# Start the HDANOVA R package
library(HDANOVA)
#>
#> Attaching package: 'HDANOVA'
#> The following object is masked from 'package:stats':
#>
#> loadings
Data are stored in many different file formats. The following three examples cover two types of CSV-files and generic flat files.
# Find directory extdata from the multiblock package
mbdir <- system.file('extdata/', package = "multiblock")
# Comma separated values, row names in first column
meta_data <- read.csv(paste0(mbdir, "/meta_data.csv"), row.names = 1)
# If working directory matches file location:
# meta_data <- read.csv('meta_data.csv', row.names = 1)
meta_data
#> temperature colour
#> John 38.0 blue
#> Julia 37.0 green
#> James 37.5 blue
#> Jacob 37.6 red
#> Jane 37.2 red
#> Johanna 37.9 green
# Semi-colon separated values (locales where the decimal point is comma),
# no row names
proteins <- read.csv2(paste0(mbdir, "/proteins.csv"))
proteins
#> prot1 prot2 prot3
#> 1 0.46532048 0.30183300 -1.4654414
#> 2 -1.79802081 -0.22812232 -0.4639203
#> 3 -1.92962434 -0.40513080 0.1767796
#> 4 0.87437138 0.79843798 0.1234731
#> 5 -0.62445278 -0.07975479 -1.1126332
#> 6 -0.07493721 1.09576027 1.2656596
# Blank space separated data without labels
genes <- read.table(paste0(mbdir, "/genes.dat"))
genes
#> V1 V2 V3
#> 1 0.39033106 -0.5720390 1.9147573
#> 2 0.55352785 0.0948703 -0.2239755
#> 3 0.09872346 -0.1029385 0.9047138
#> 4 -0.59213740 -0.6027739 0.6177083
#> 5 -0.02350148 0.3572809 -0.5168416
#> 6 0.76644845 1.2863428 1.8239298
Before analysis, various types of pre-processing may be needed. Centring and standardising/scaling may be considered the most basic. In R, these operations are performed column-wise by default, leading to autoscaling. If these operations are performed on the rows, we perform the standard normal variate (SNV) instead.
# Column-centring
genes_centred <- scale(genes, scale=FALSE)

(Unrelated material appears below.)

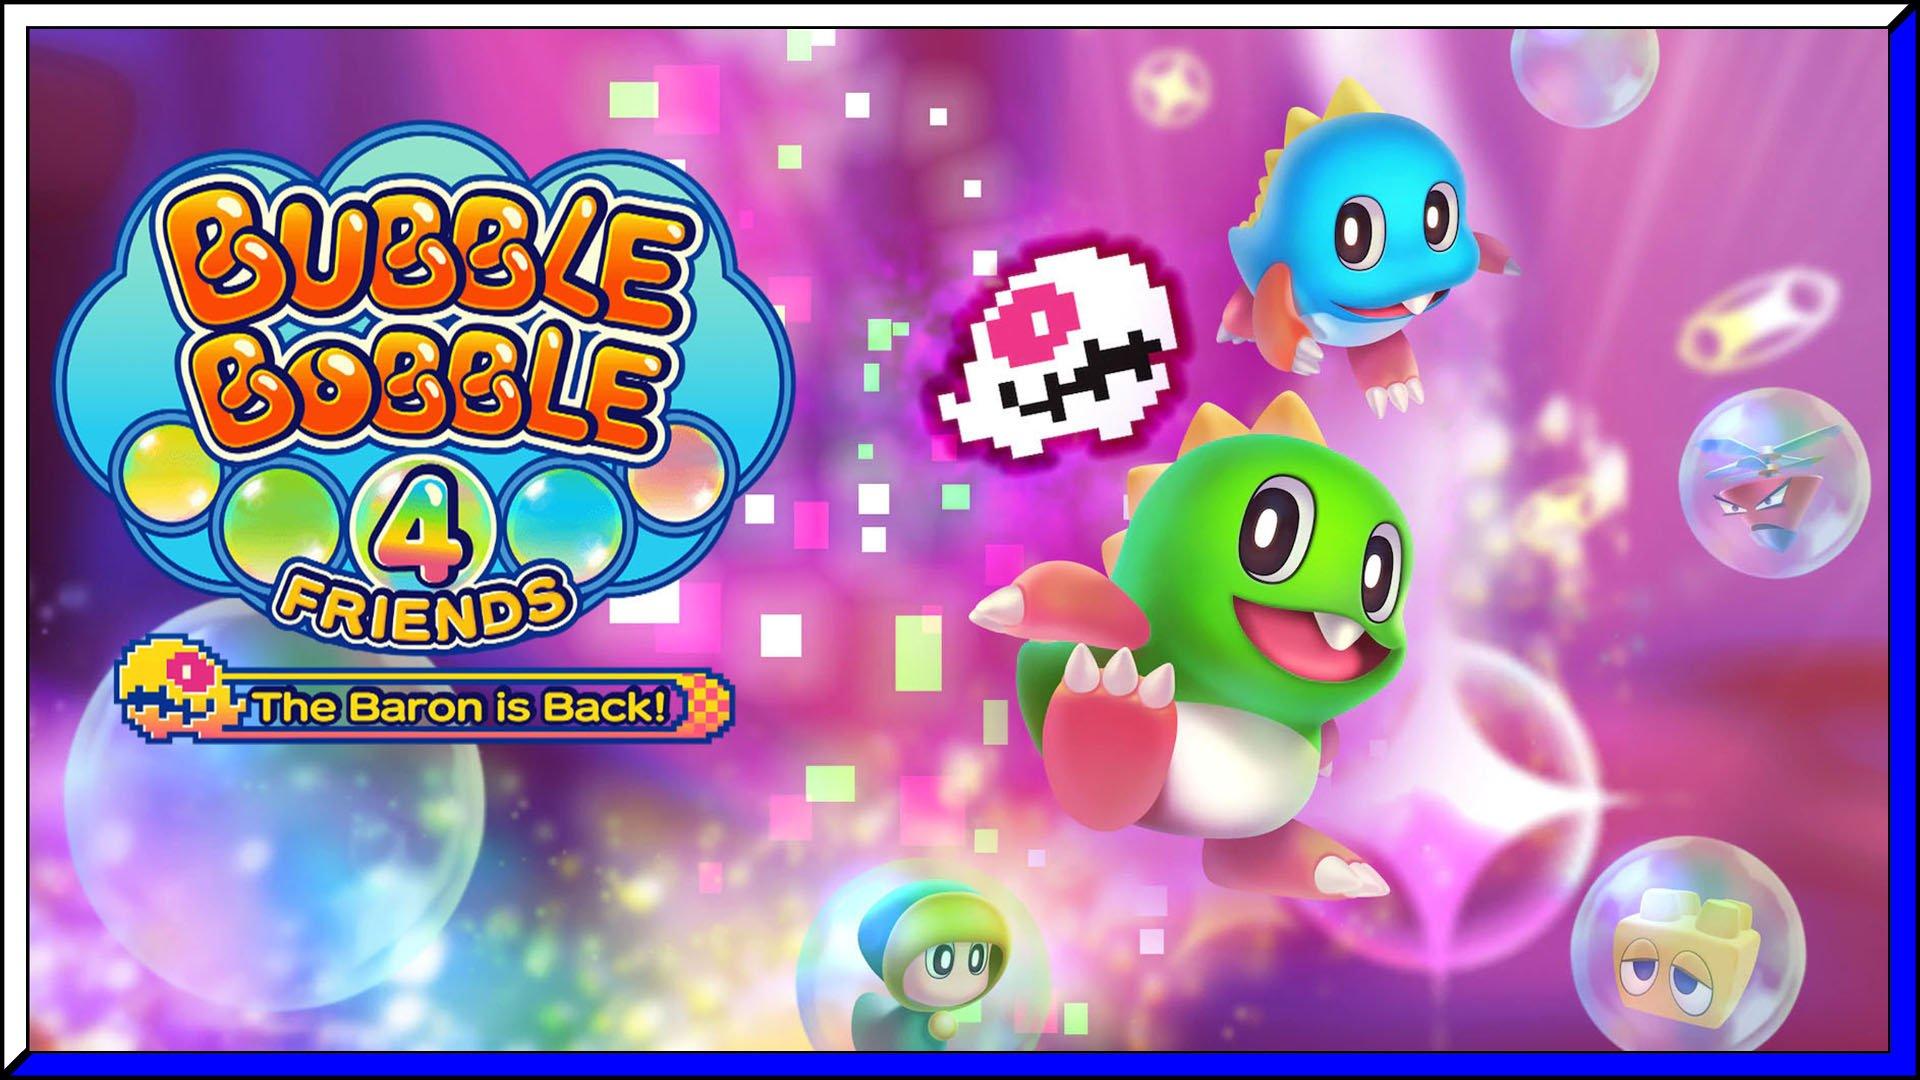 Bubble Bobble 4 Friends The Baron Is Back Fi3

colMeans(genes_centred) # Check mean values
#> V1 V2 V3
#> 1.850372e-17 0.000000e+00 7.401487e-17
# Autoscaling
genes_scaled <- scale(genes)
apply(genes_scaled, 2, sd) # Check standard deviations
#> V1 V2 V3
#> 1 1 1
# SNV (transpose, autoscale, re-transpose)

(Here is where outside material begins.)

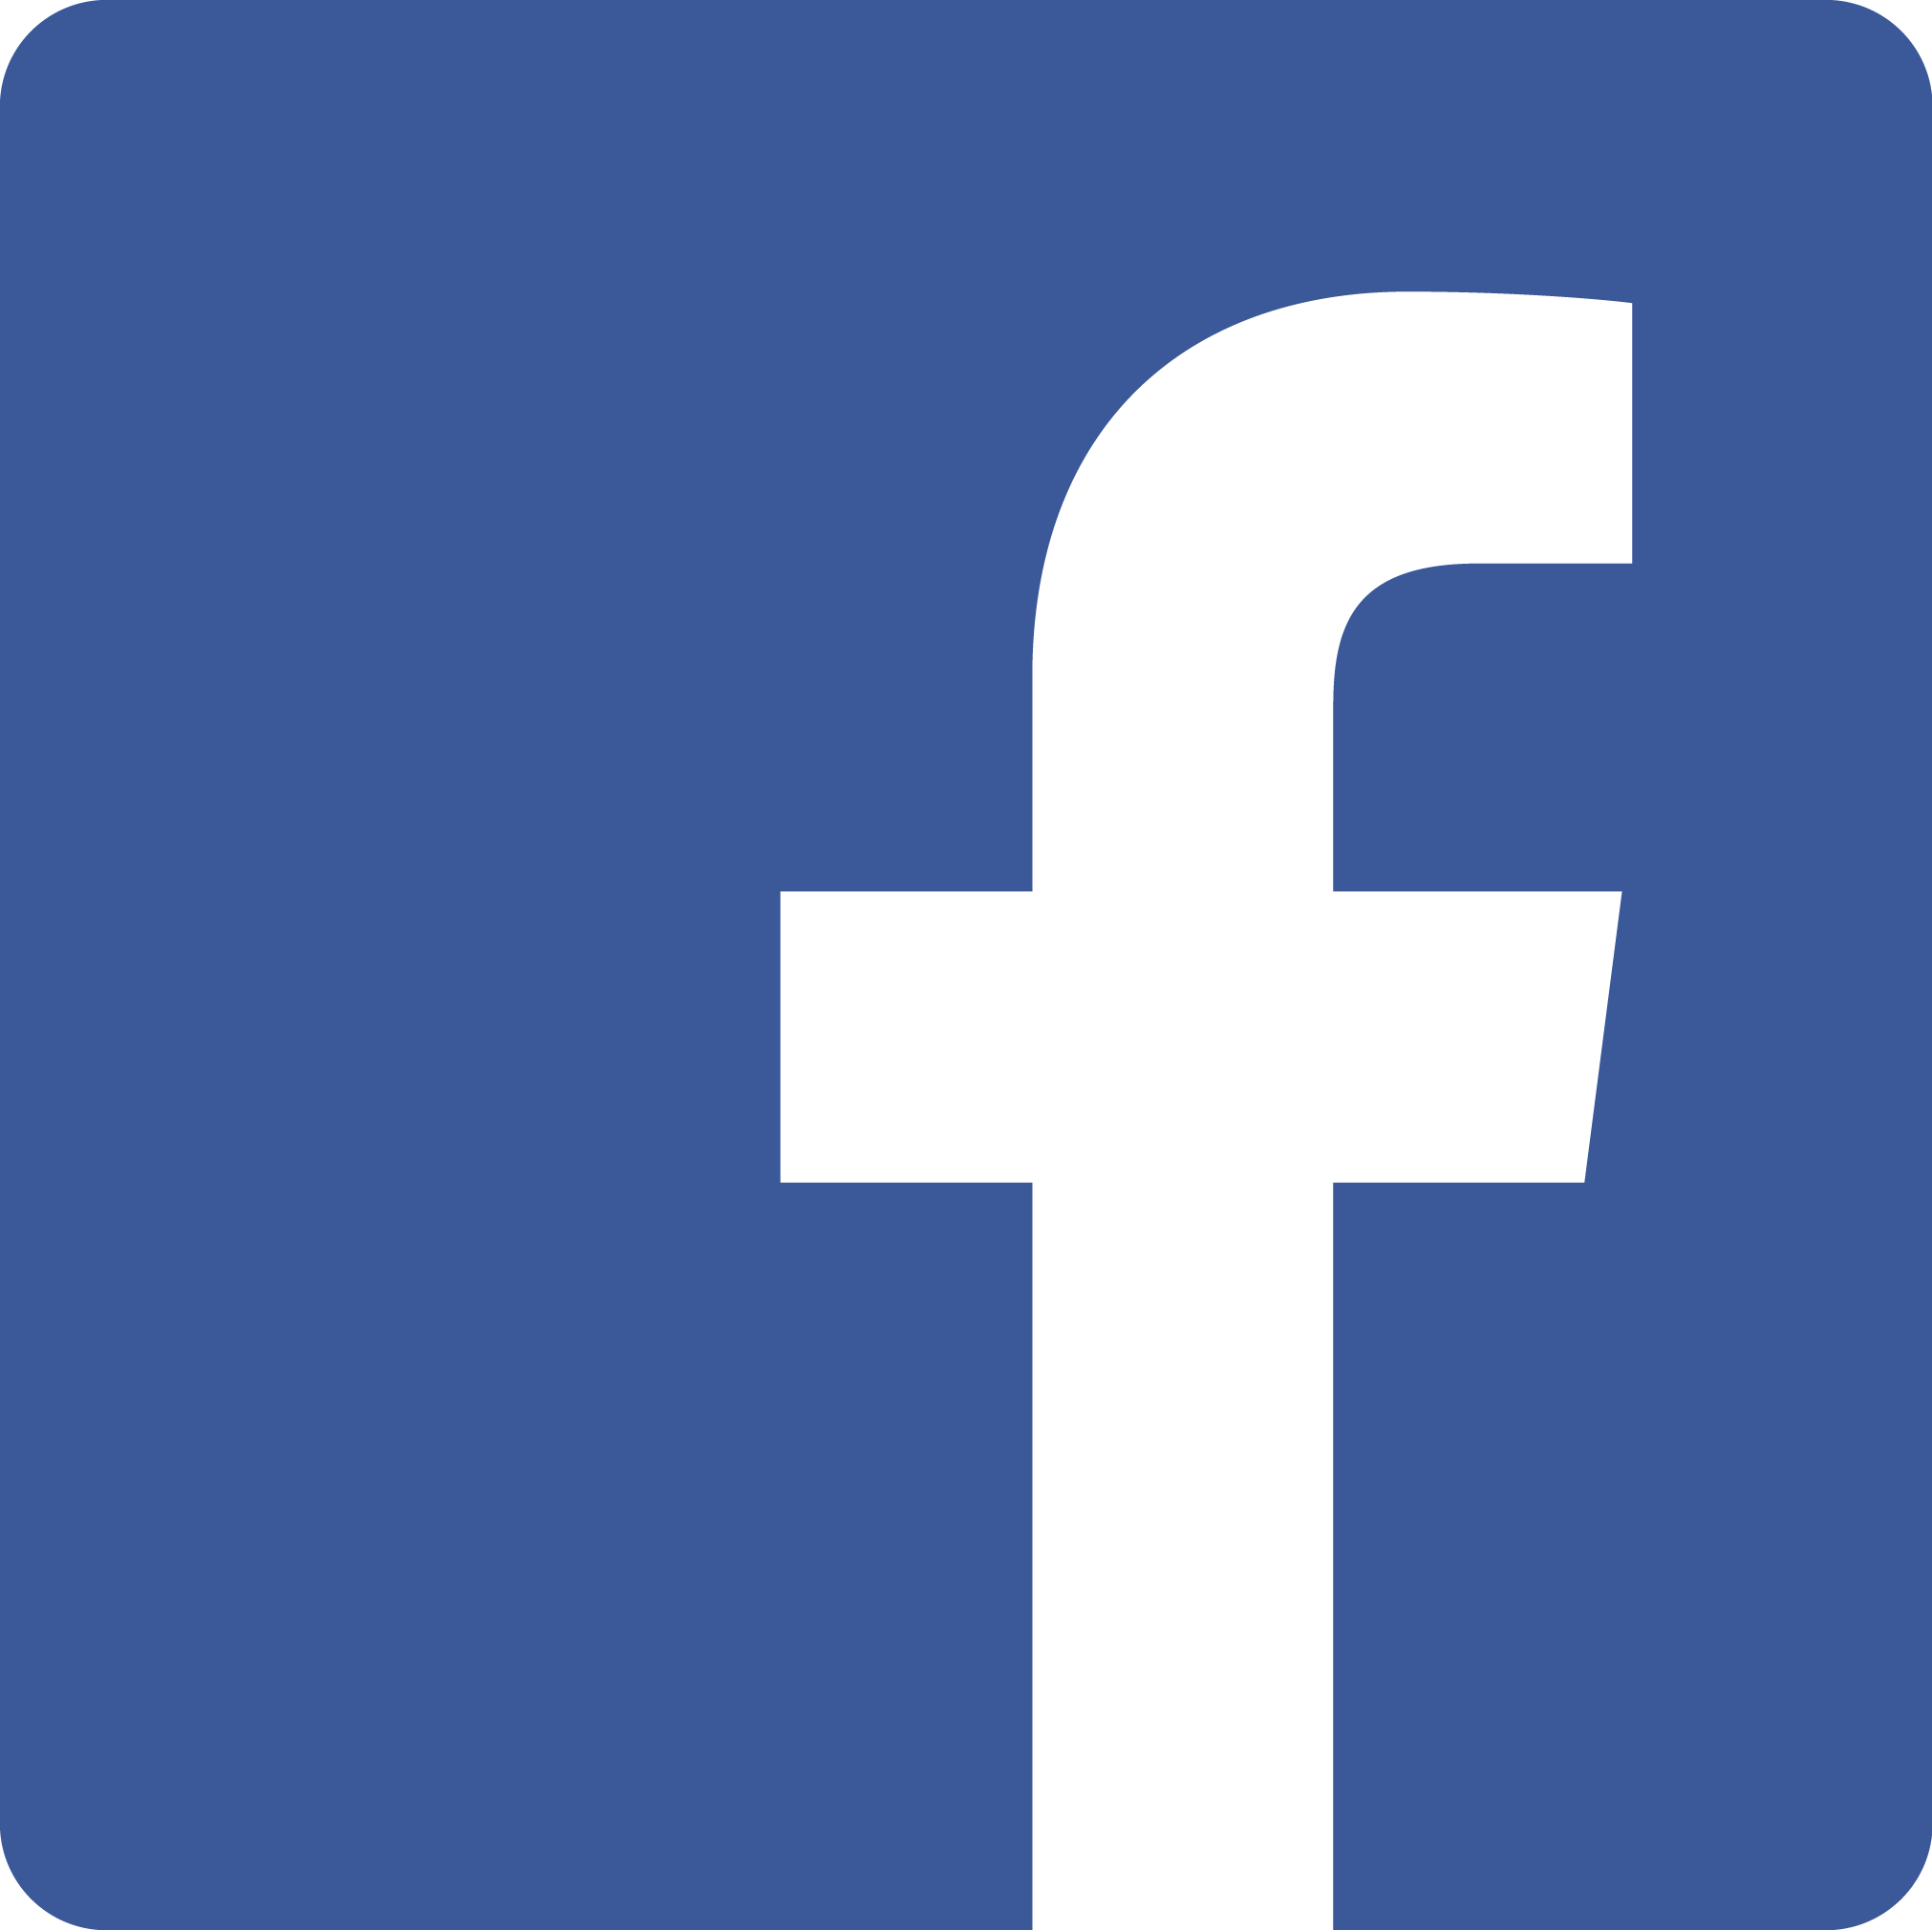 Facebook thumbnail clipart vector freeuse library 14 cliparts for free. Download Facebook clipart thumbnail and use in ... vector freeuse library

genes_snv <- t(scale(t(genes)))
apply(genes_snv, 1, sd) # Check standard deviations
#> [1] 1 1 1 1 1 1
Most analysis methods require continuous input data. The meta_data data.frame contains a character vector (a factor in older R versions) of categories. This package has a function dummycode for converting categorical data to various dummy formats.
# Default is sum-coding
dummycode(meta_data$colour)
#> x1 x2
#> 1 1 0
#> 2 0 1
#> 3 1 0
#> 4 -1 -1
#> 5 -1 -1
#> 6 0 1
# Treatment coding
dummycode(meta_data$colour, "contr.treatment")
#> xgreen xred
#> 1 0 0
#> 2 1 0
#> 3 0 0
#> 4 0 1
#> 5 0 1
#> 6 1 0
# Full dummy-coding (rank deficient)
dummycode(meta_data$colour, drop = FALSE)
#> xblue xgreen xred
#> 1 1 0 0
#> 2 0 1 0
#> 3 1 0 0
#> 4 0 0 1
#> 5 0 0 1
#> 6 0 1 0
# Replace categorical with dummy-coded, use I() to index by common name
meta_data2 <- meta_data
meta_data2$colour <- I(dummycode(meta_data$colour, drop = FALSE))
meta_data2
#> temperature colour.xblue colour.xgreen colour.xred
#> John 38.0 1 0 0
#> Julia 37.0 0 1 0
#> James 37.5 1 0 0
#> Jacob 37.6 0 0 1
#> Jane 37.2 0 0 1
#> Johanna 37.9 0 1 0
meta_data2$colour
#> xblue xgreen xred
#> 1 1 0 0
#> 2 0 1 0
#> 3 1 0 0
#> 4 0 0 1
#> 5 0 0 1
#> 6 0 1 0
A simple list of blocks can be created using the list() function. Naming of the blocks can be done directly or after creation.
# Direct approach
blocks1 <- list(meta = meta_data2, proteins = proteins, genes = genes)
# Two-step approach
blocks2 <- list(meta_data2, proteins, genes)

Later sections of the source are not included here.